X = df_reg[['ViolentCrimesPerPop']]
y = df_reg[['medIncome']]

# get four splits, Each split contains a 
# test series and a train series.
kf = KFold(n_splits=4)

# lists to store our statistics
r_vals = []
MSEs = []
medIncome_coef = []

for train_index, test_index in kf.split(X):
    # fit our model and extract statistics
    model = LinearRegression()
    model.fit(X.iloc[train_index], y.iloc[train_index])
    y_hat = model.predict(X.iloc[test_index])
    
    MSEs.append(metrics.mean_squared_error(y.iloc[test_index], y_hat))
    medIncome_coef.append(model.coef_[0][0])
    r_vals.append(metrics.r2_score(y.iloc[test_index], y_hat))

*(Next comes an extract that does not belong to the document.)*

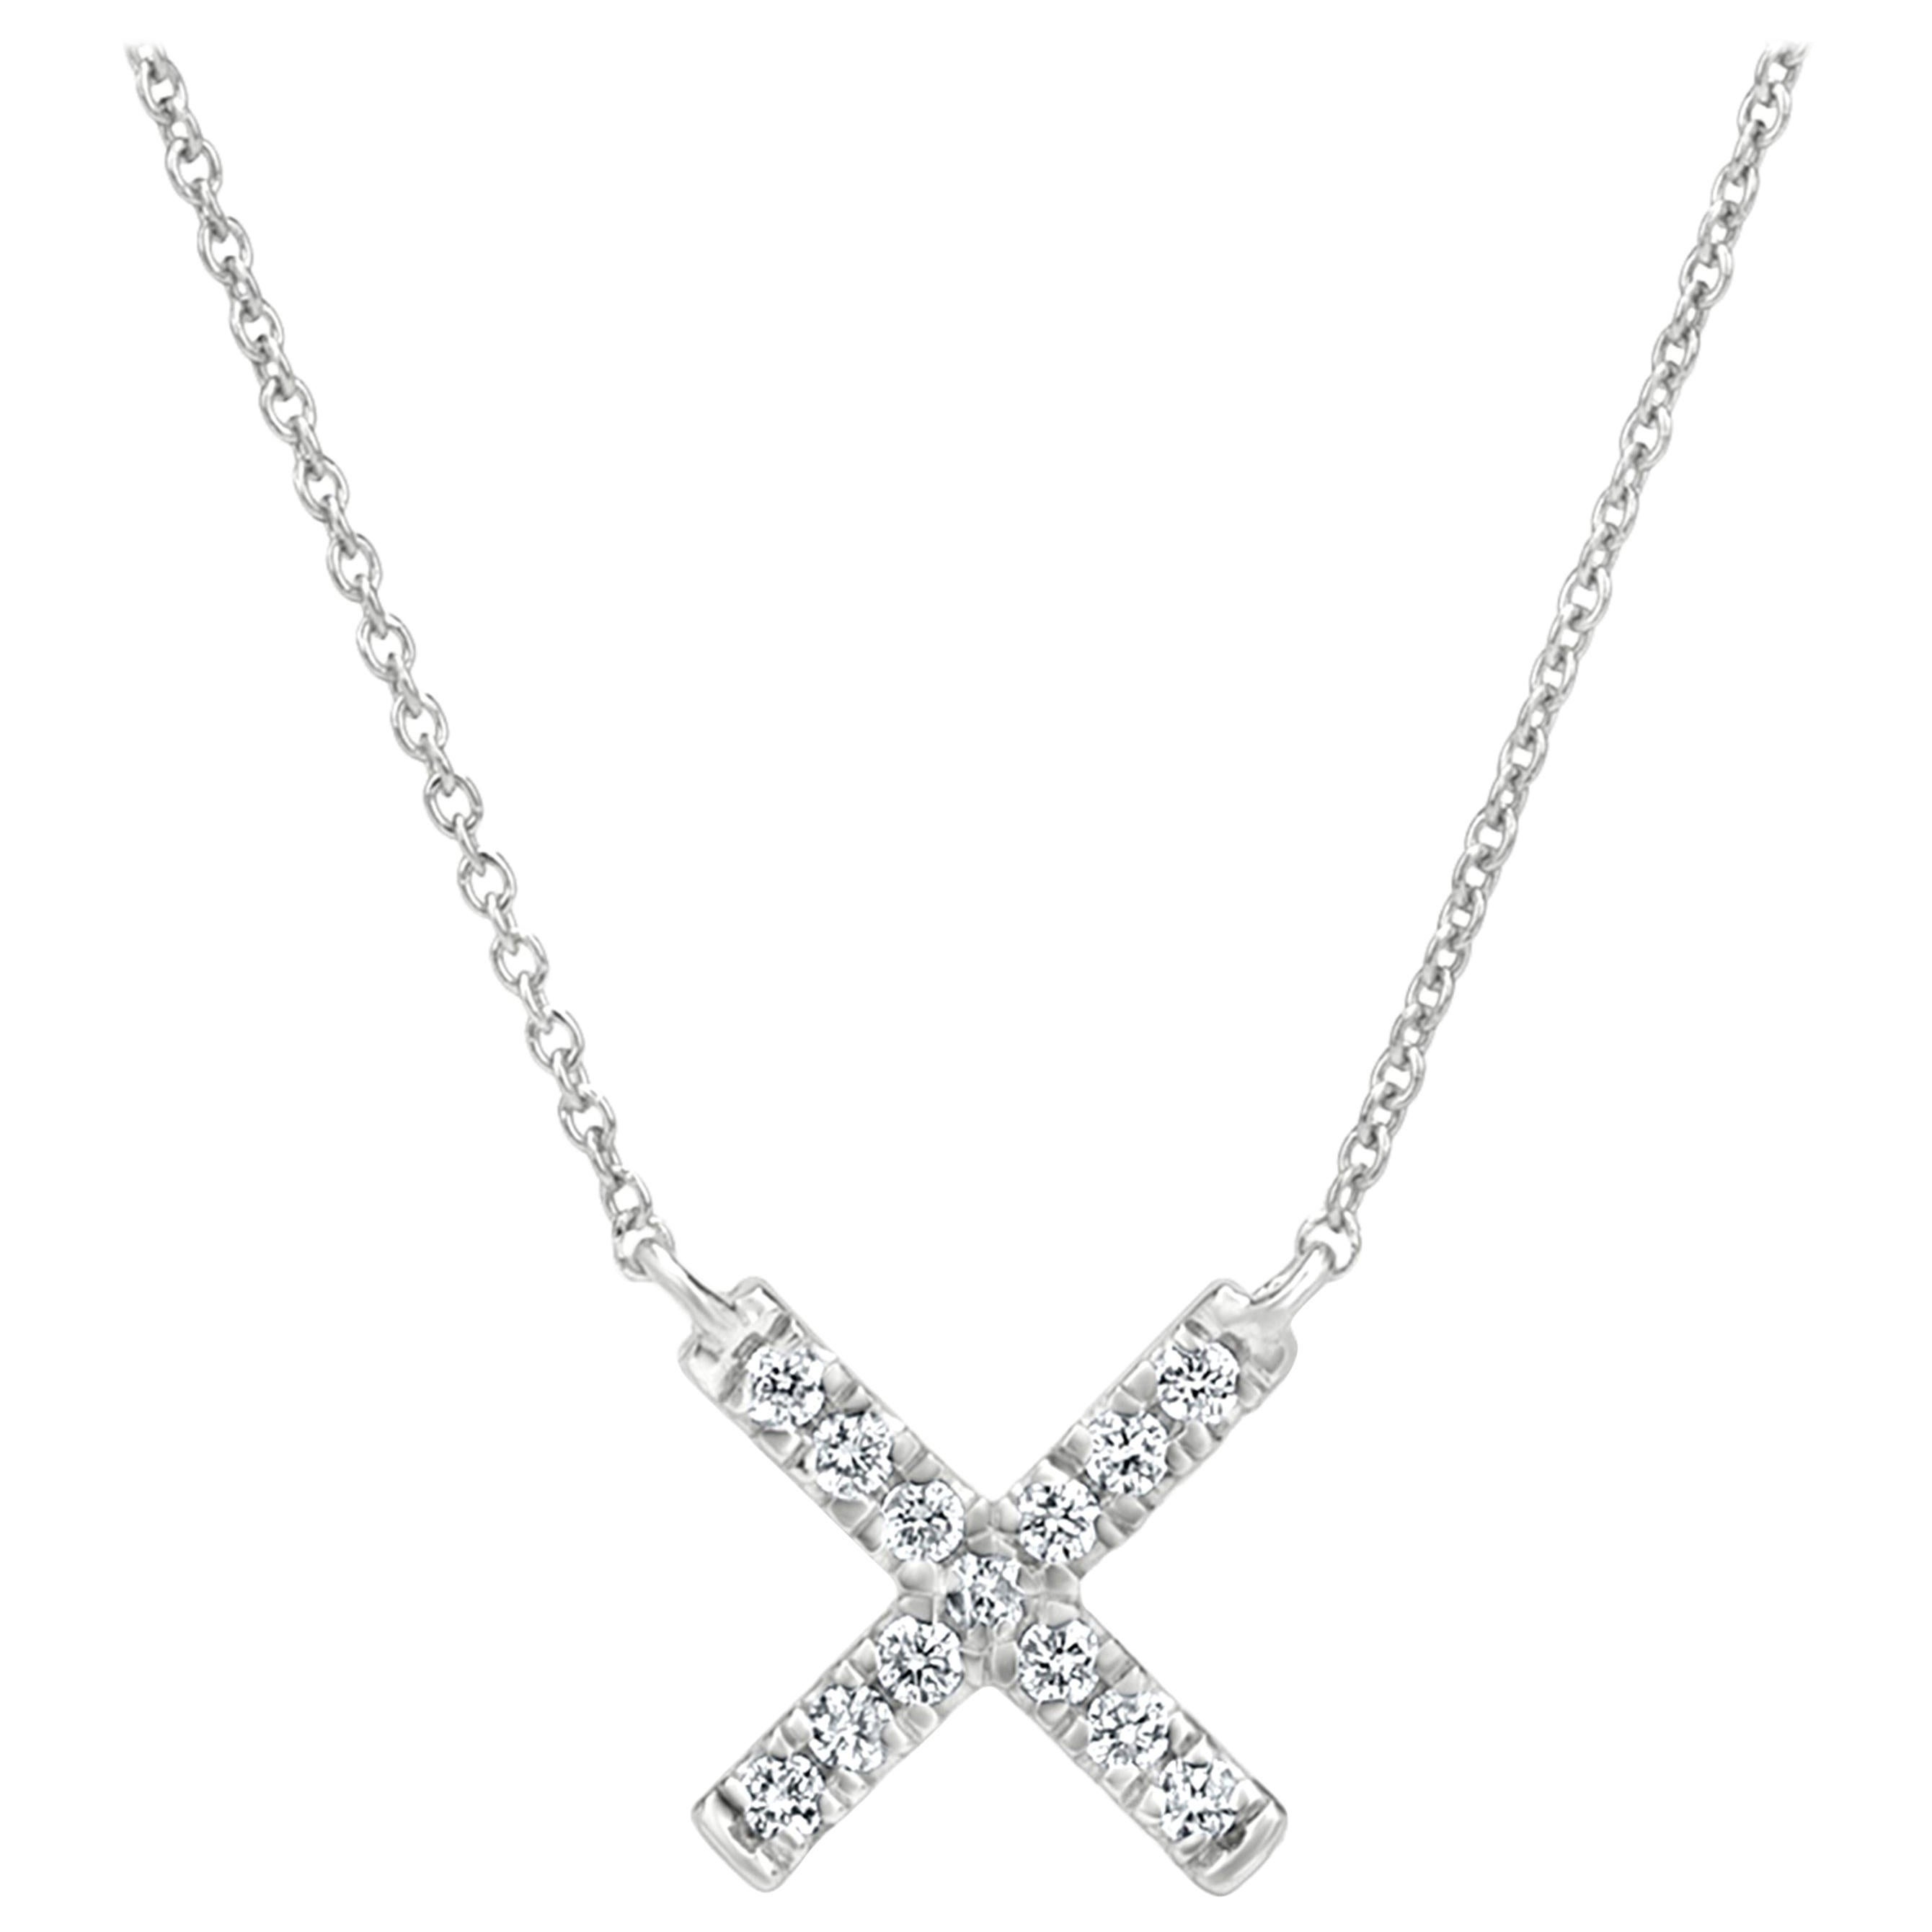 Luxle Diamond x Pendant Necklace in 18k White Gold
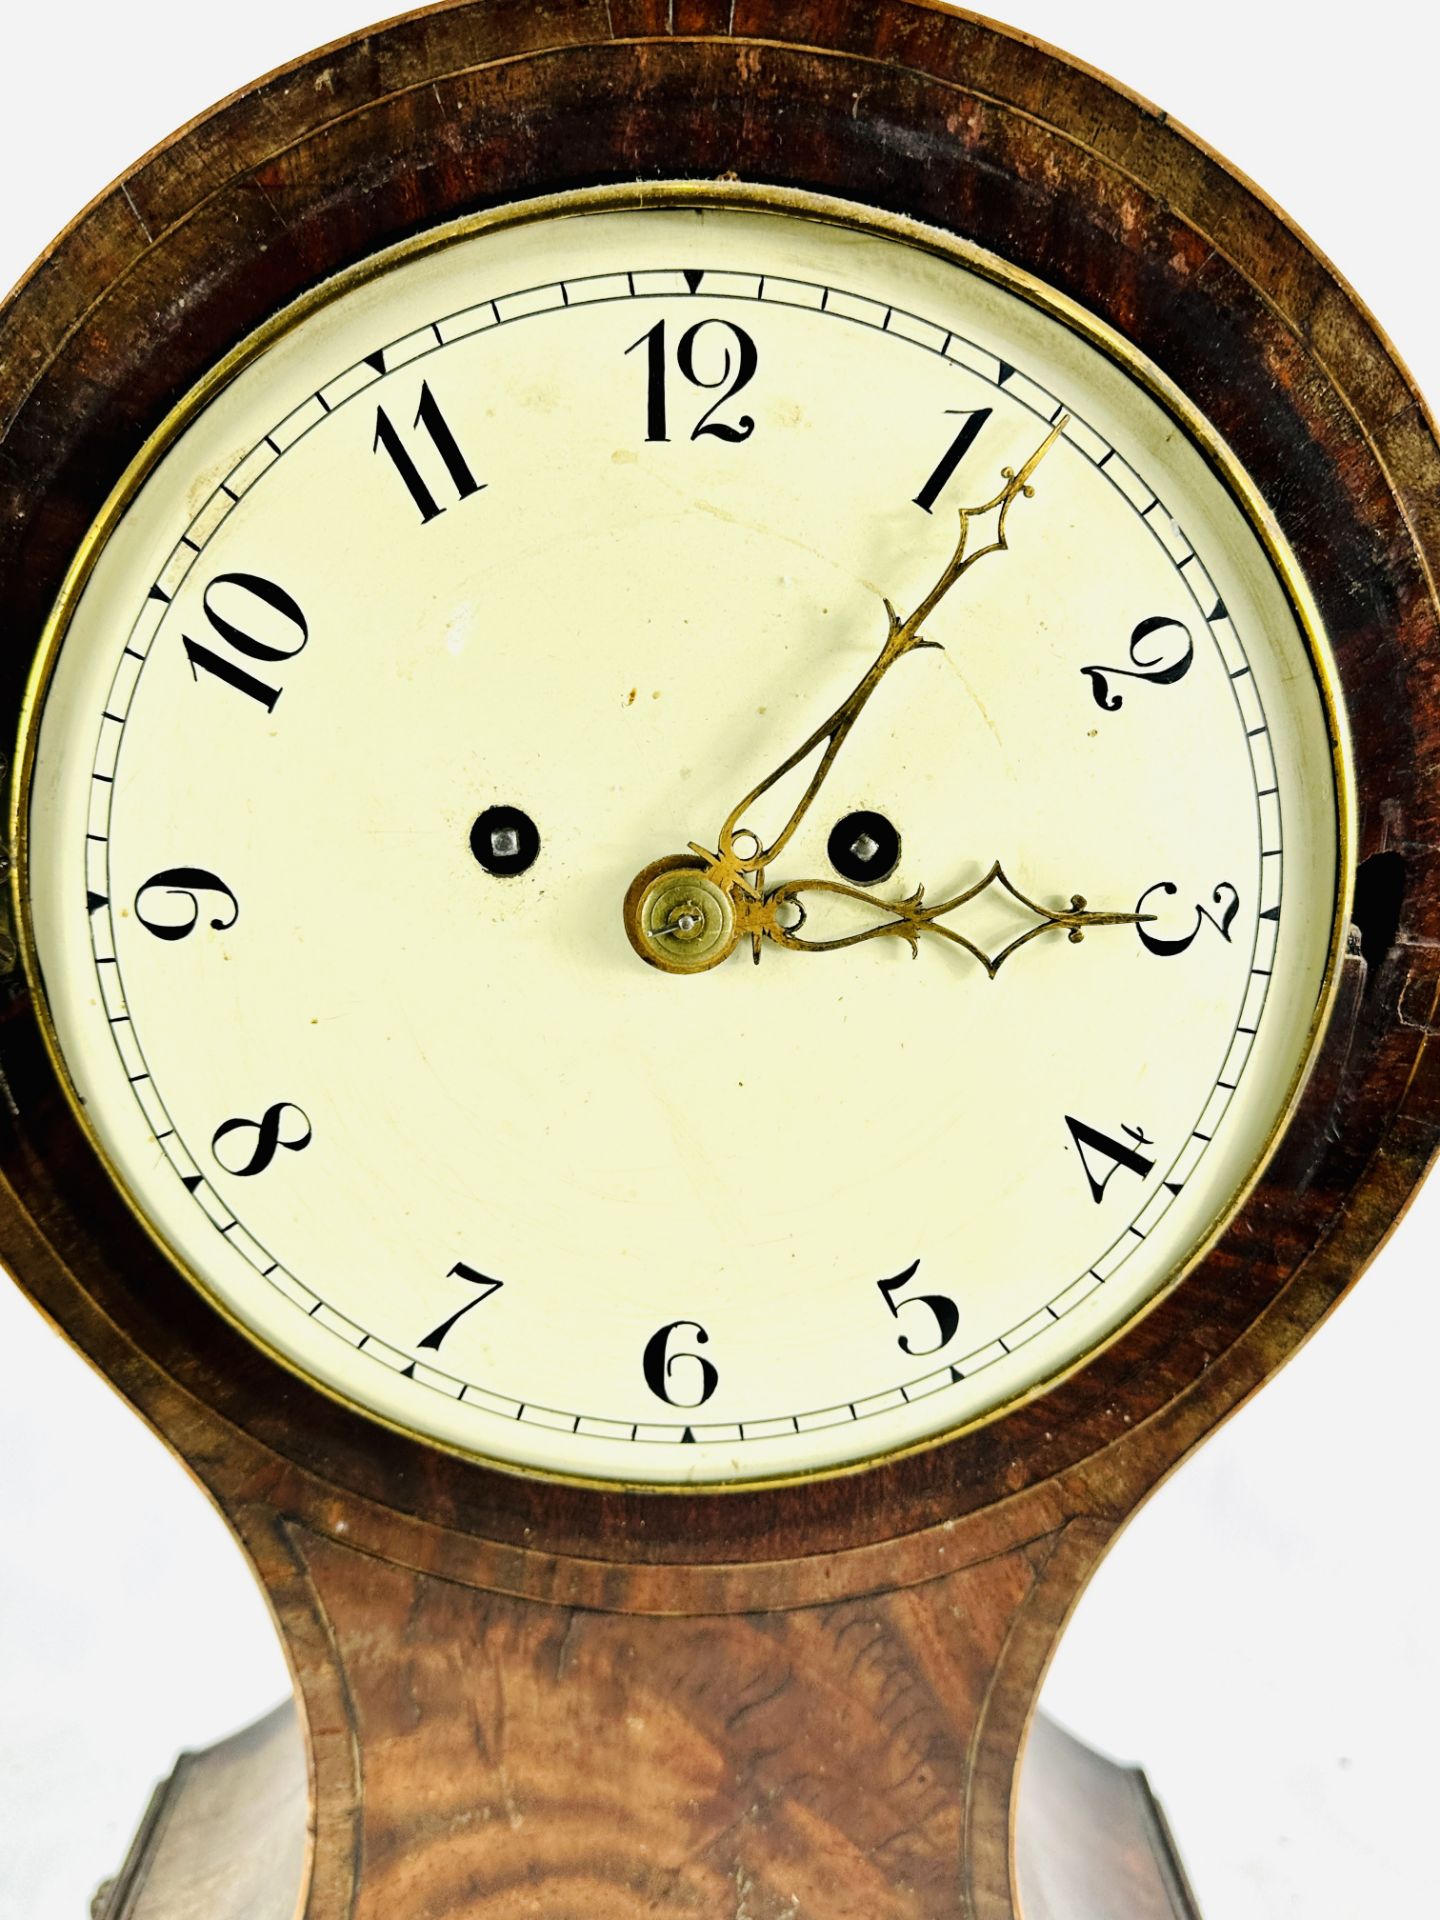 Mahogany cased mantle clock - Image 2 of 5

data = {'MSE' : MSEs, 'medIncome coefficient' : medIncome_coef, 'r squared' : r_vals}
pd.DataFrame(data)

	MSE	medIncome coefficient	r squared
0	0.035727	-0.403609	0.130479
1	0.035904	-0.389344	0.162820
2	0.040777	-0.353379	0.200139
3	0.032255	-0.378883	0.182403

Does our model produce similiar coefficients with subsets of the data?

We can do this using an inbuild sklearn function (see here).

from sklearn.model_selection import cross_val_score
x = df_reg[['ViolentCrimesPerPop']]
y = df_reg[['medIncome']]

model = LinearRegression()
model.fit(x, y)

print(cross_val_score(model, x, y, cv=4))

[0.13047946 0.16281953 0.20013867 0.18240261]

What do these values tell us about our model and data?

You might want to carry out multiple regression with more than one predictor variable, or reduce the number of dimensions, or perhaps address different questions using a clustering algorithm instead with all or a subset of features.